Kimberley Rock Art

Kimberley rock art is arguably some of the world’s oldest, with evidence suggesting the earliest occupation in the region dates back 50,000 to 60,000 years ago.

Rock paintings can provide information about how and when people arrived, about the environment at the time, how they lived and adjusted to changing climatic conditions, and something of their beliefs.

Understanding Kimberley rock art is an ongoing academic effort that started with the discovery of the Wanjina paintings in the 1830s and continues today through our research program and working with aboriginal communities.


Rock Art Styles

There is a diverse range of rock art present in the Kimberley. This large variety of styles and sites reflects the cultural and artistic development in the region and can be understood to move through distinct Epochs as described in Grahame Walsh’s Rock Art sequence (published 1994) and the more recent Rock Art styles

The most famous of these are the Wanjina and Gwion periods.

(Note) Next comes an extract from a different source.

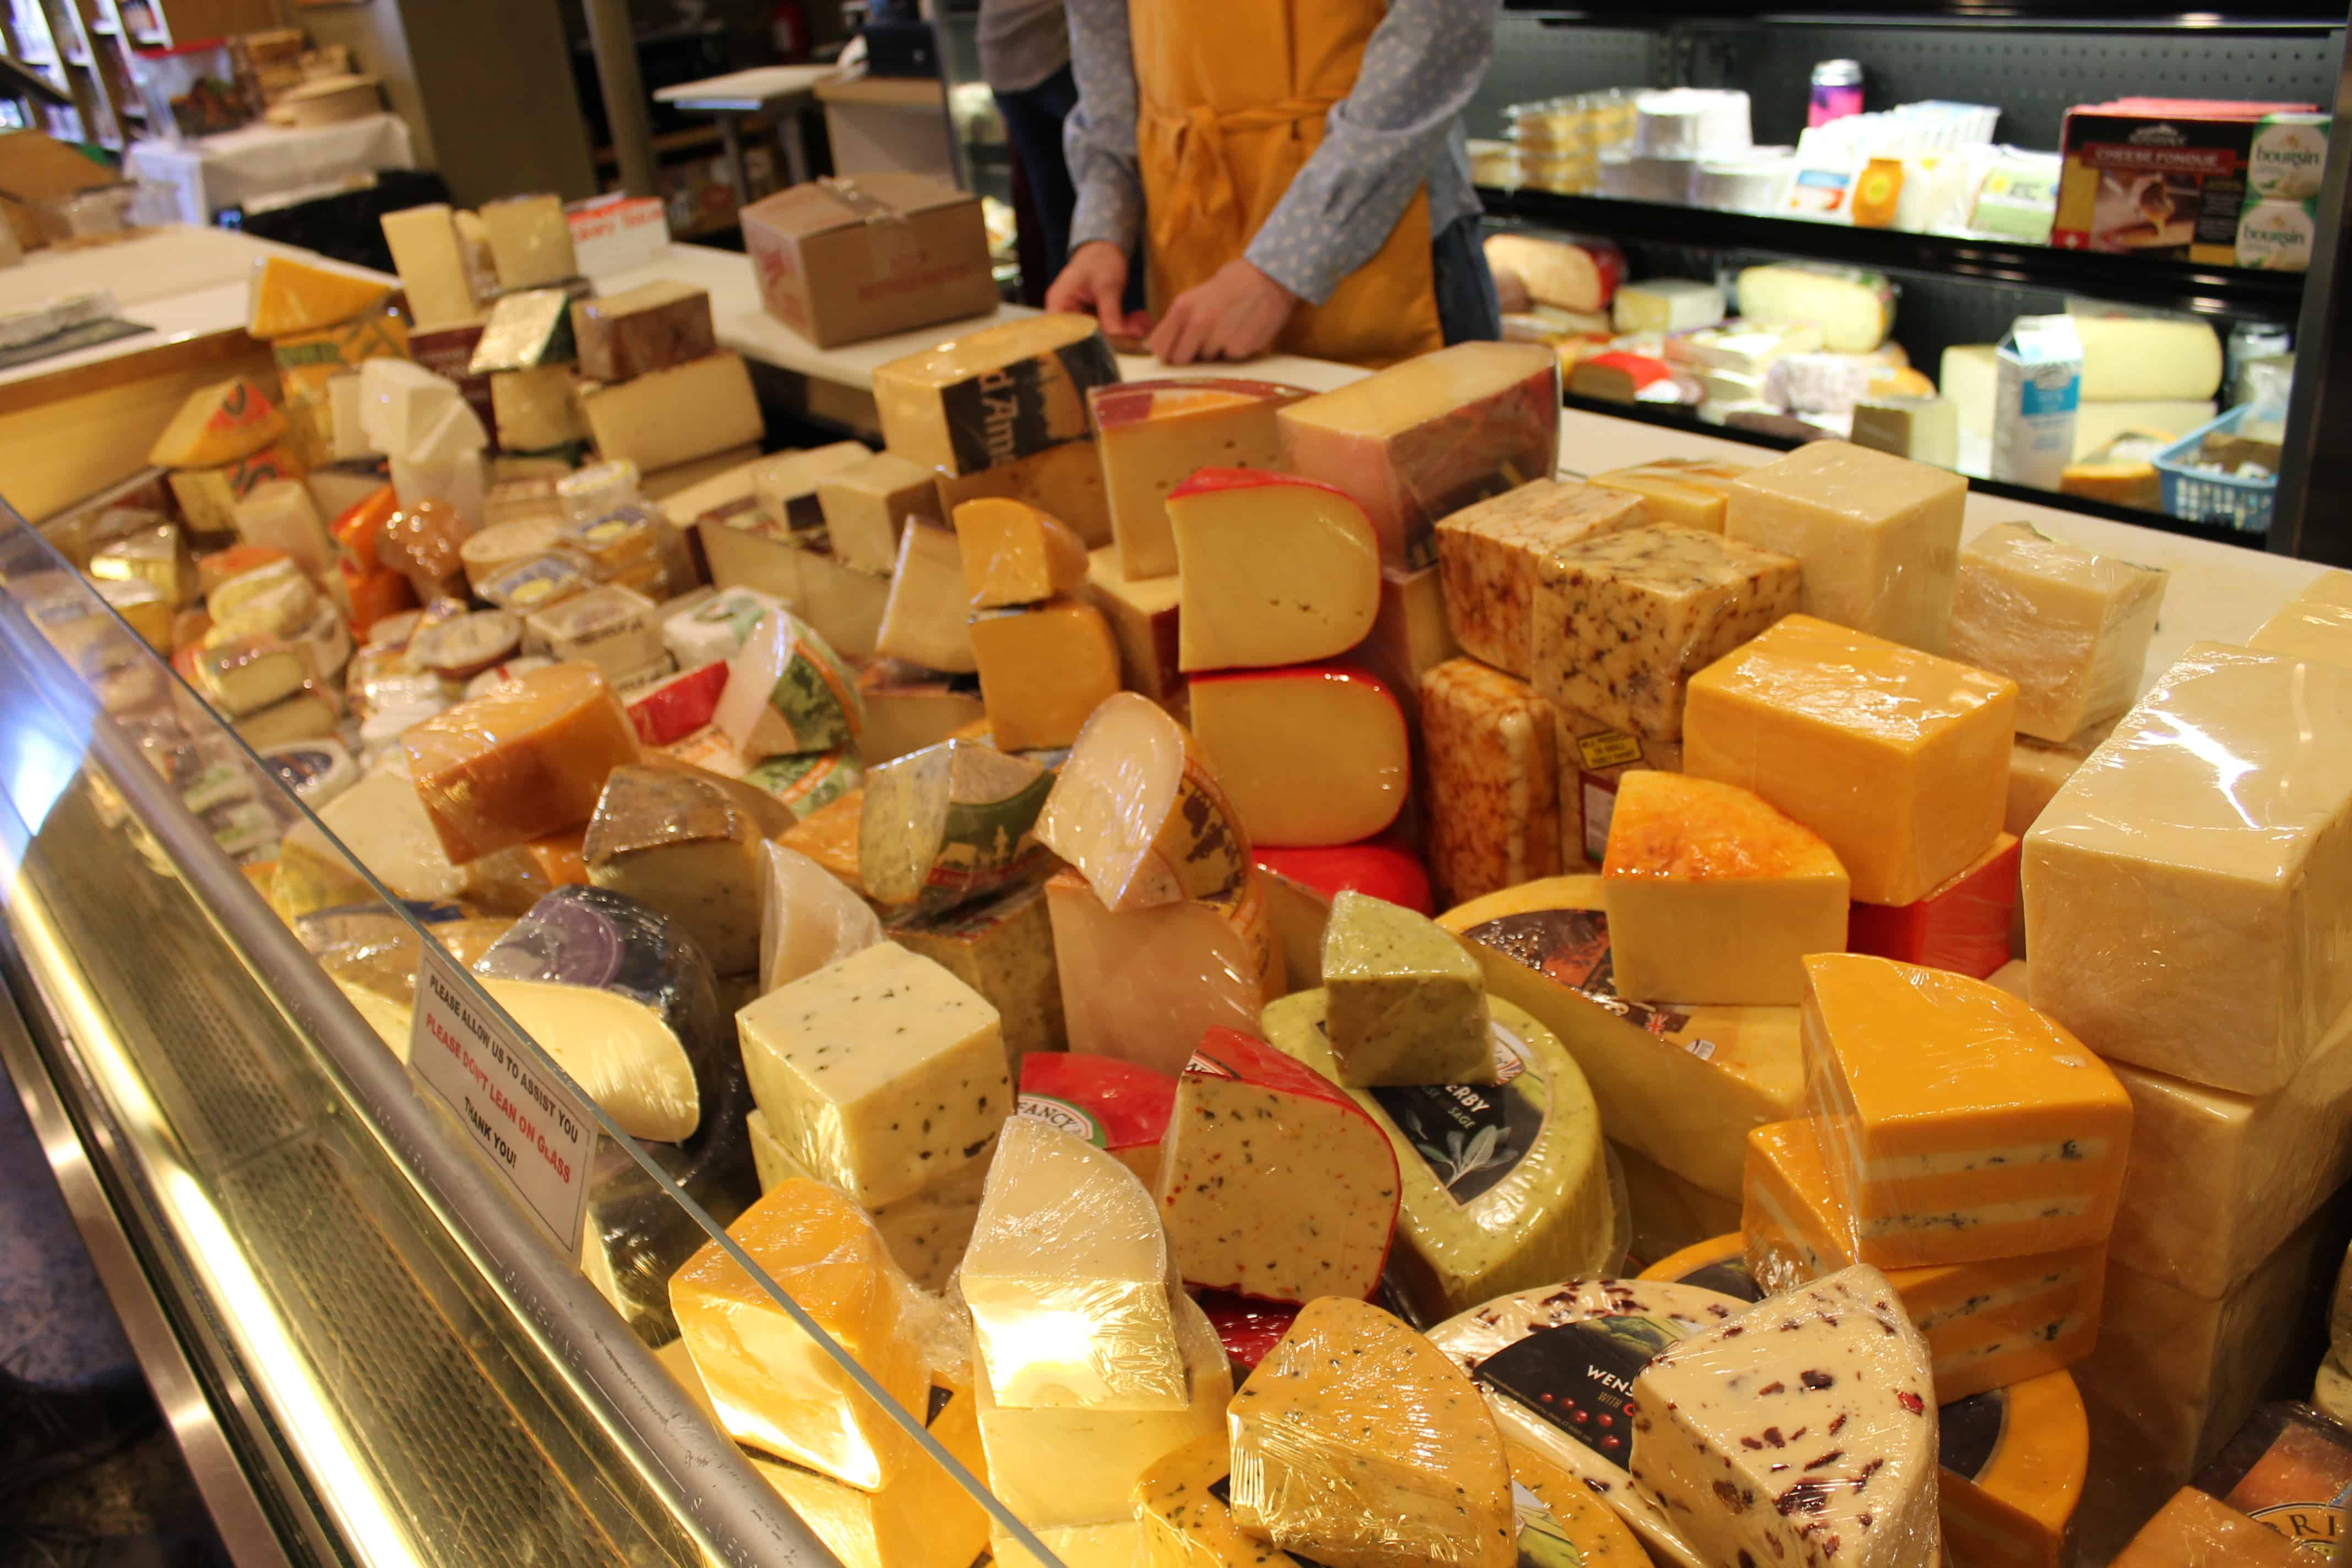 The Cheese Shop in Williamsburg has so much cheese

“To see dedicated rock art explorers and surveyors, geo-chronologists, cosmologists, palaeontologists and chemists working together to get the layered sequences of Gwion paintings matched with hard dates is impressive. Their work shows the importance of the Australian setting in providing a full understanding of the range and depth of visual expression in hominin evolution. I commend the Kimberley Foundation.”